3.6 Validation the expression level of 9 MRGs in clinical samples
The expression signature of 9 MRGs were subsequently explored in 30 endometrial cancer clinical specimens. Results demonstrated that UCK2, PHGDH, ACACB, LYPLA2, CYP3F3, GPAT3, CEL, and CKM overexpressed in cancerous tissues while HNMT showed otherwise, which were in accordance with above findings (Figure 10A-I).

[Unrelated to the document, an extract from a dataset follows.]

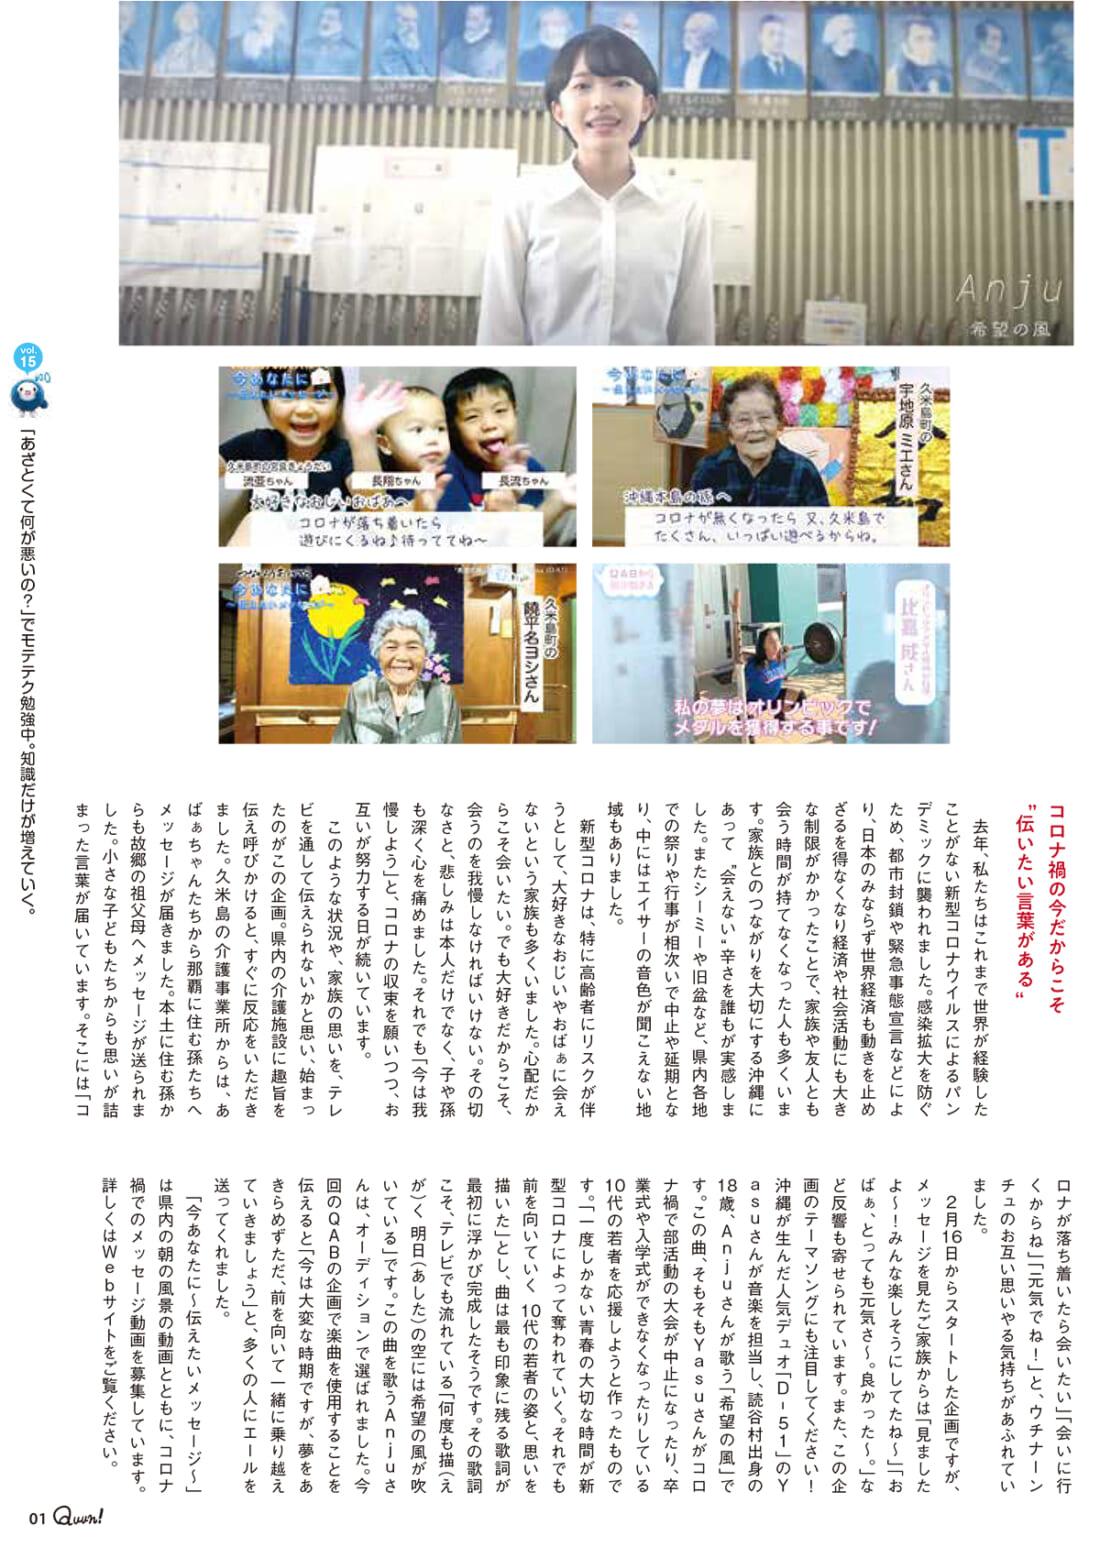 https://www.qab.co.jp/qgoro/wp-content/uploads/quun_1503-1100x1558.jpg
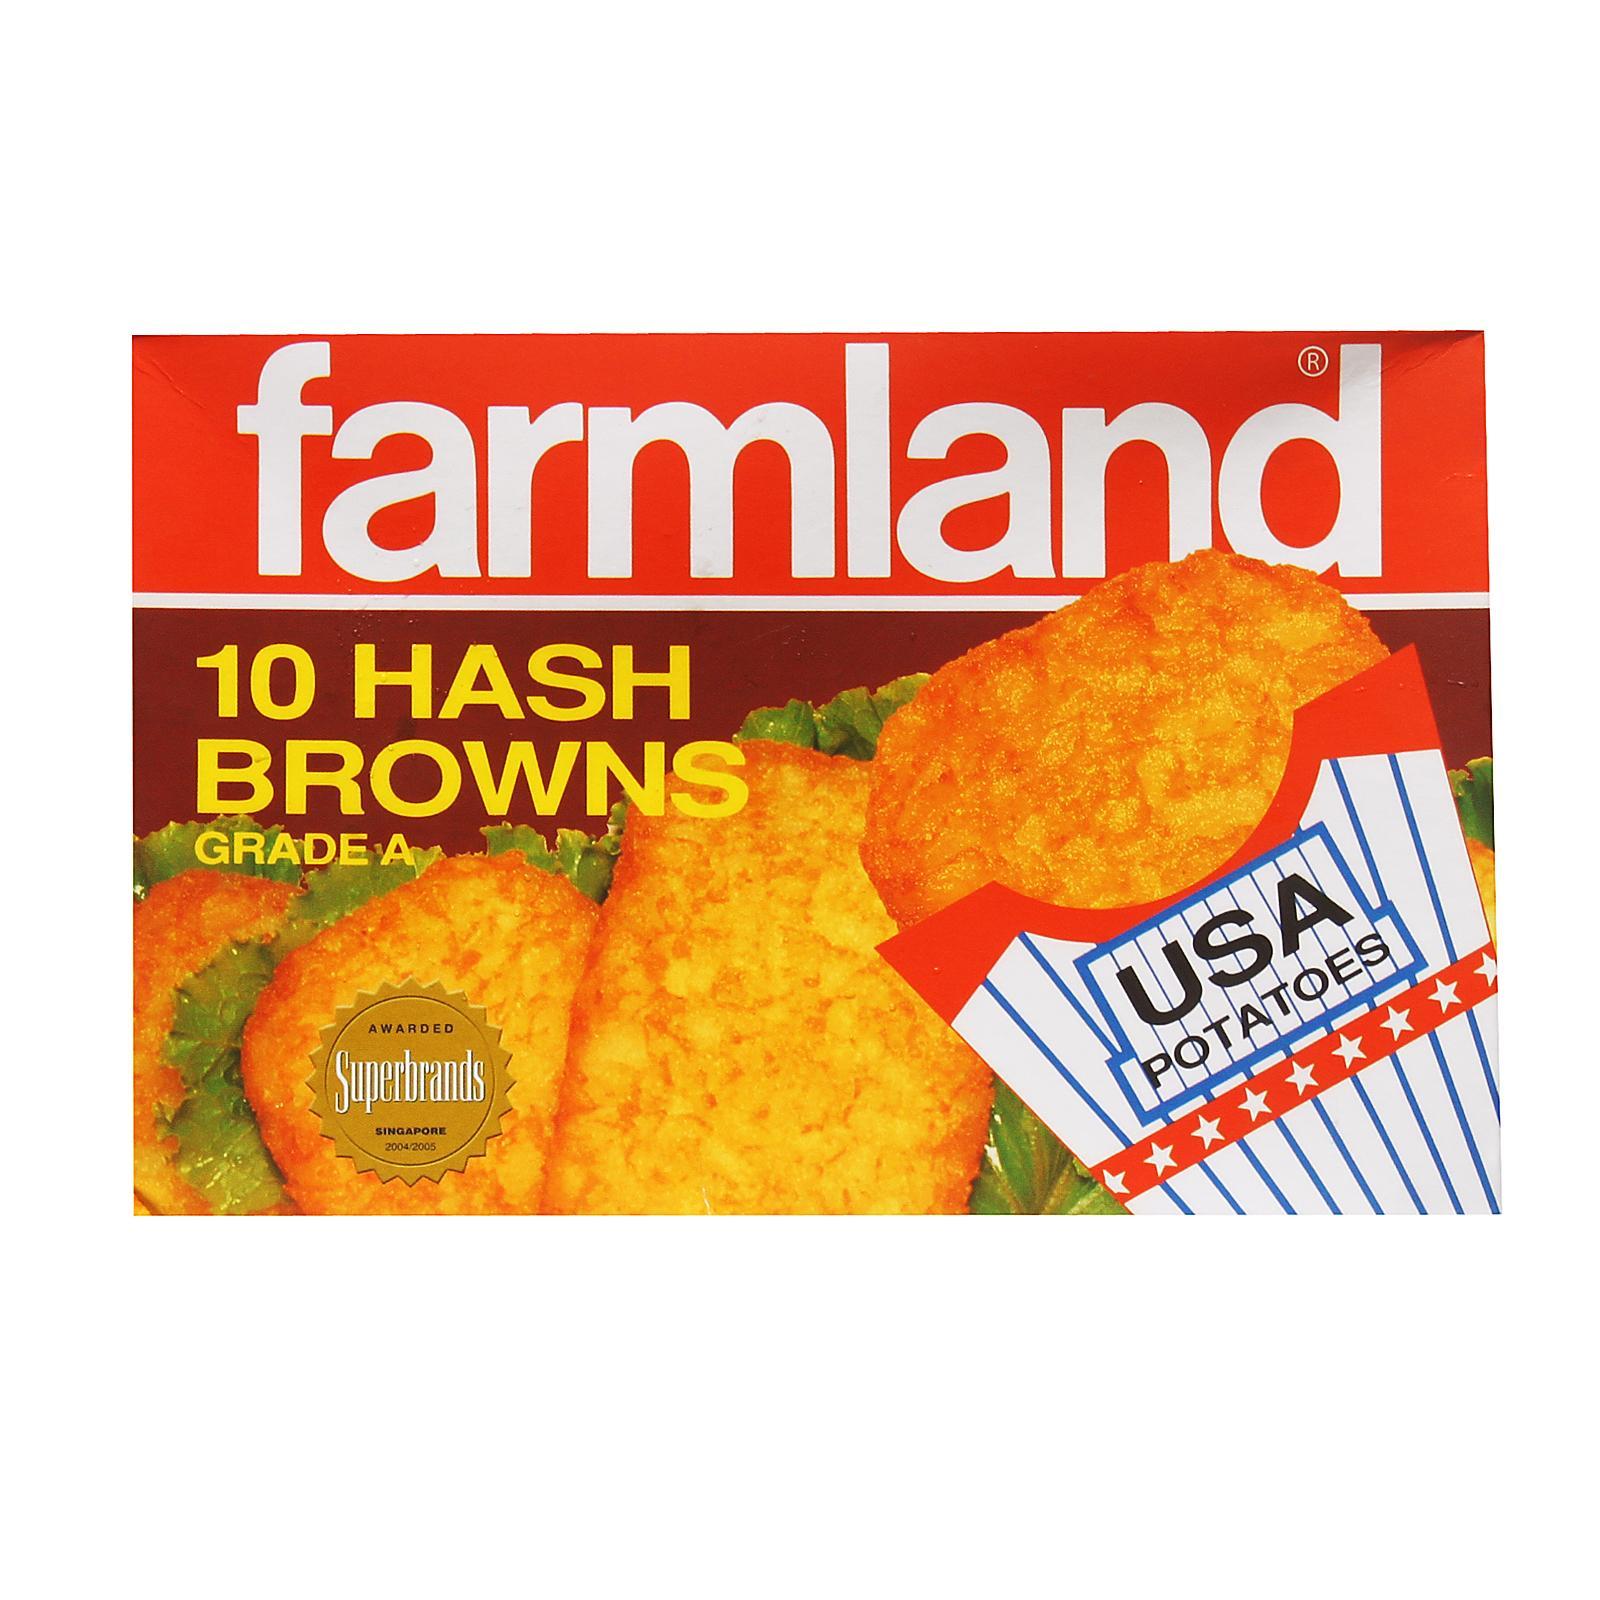 Farmland Hashbrown 10s - Frozen By Redmart.

3.7 The clinical independence and correlation estimation of the risk signature
Then, we combined the risk model with other clinical factors and performed univariate and multivariate analyses to exam the clinical independency of the model. Results showed that the model was able to serve as an independent prognostic indicator (both P<0.001) (Figure 11A-B). The AUC value of the prognostic model was 0.781, significantly higher than patients’ age (AUC= 0.535) and weight (AUC= 0.633), clinical-stage (AUC= 0.710), tumor grade (AUC= 0.656) and histology (AUC= 0.522), as well as lymph node status (AUC= 0.697)(Figure 11C). Next, we enrolled in the risk scores, the clinical features, and the nine gene expression profiles of EC patients and displayed them in the heatmap (Figure 11D). Interestingly, the clinical characteristics of patients were highly in accordance with the risk level calculated from the model. High-risk subgroup patients were accompanied by late-stage, high grade, serous carcinoma, and more metastatic lymph nodes (Figure 11D-E), which all presented worse outcomes. The correlation between each gene from the prognostic model and the patients' clinical features were also measured. PHGDH, ACACB, HNMT, CYP4F3, and LYPLA2 were shown to significantly associated with patients' prognosis (Figure 11F). Other clinical features of each prognostic MRGs from the signature were presented in Figure S3.
3.8 Nomogram building and validation
Based on patients' risk scores and clinical features, we built a comprehensive prognostic nomogram to estimate EC patients' survival probability for 5 years based on the TCGA entire set. Seven independent prognostic parameters, including metabolic risk signature and age, grade, weight, histology, stage as well as lymph node status, were integrated into the nomogram (Figure 12A). The calibration plots show excellent consistency between the nomogram prediction and actual observation in terms of the 3- and 5-year survival rates in the TCGA cohort (Figure 12B-C).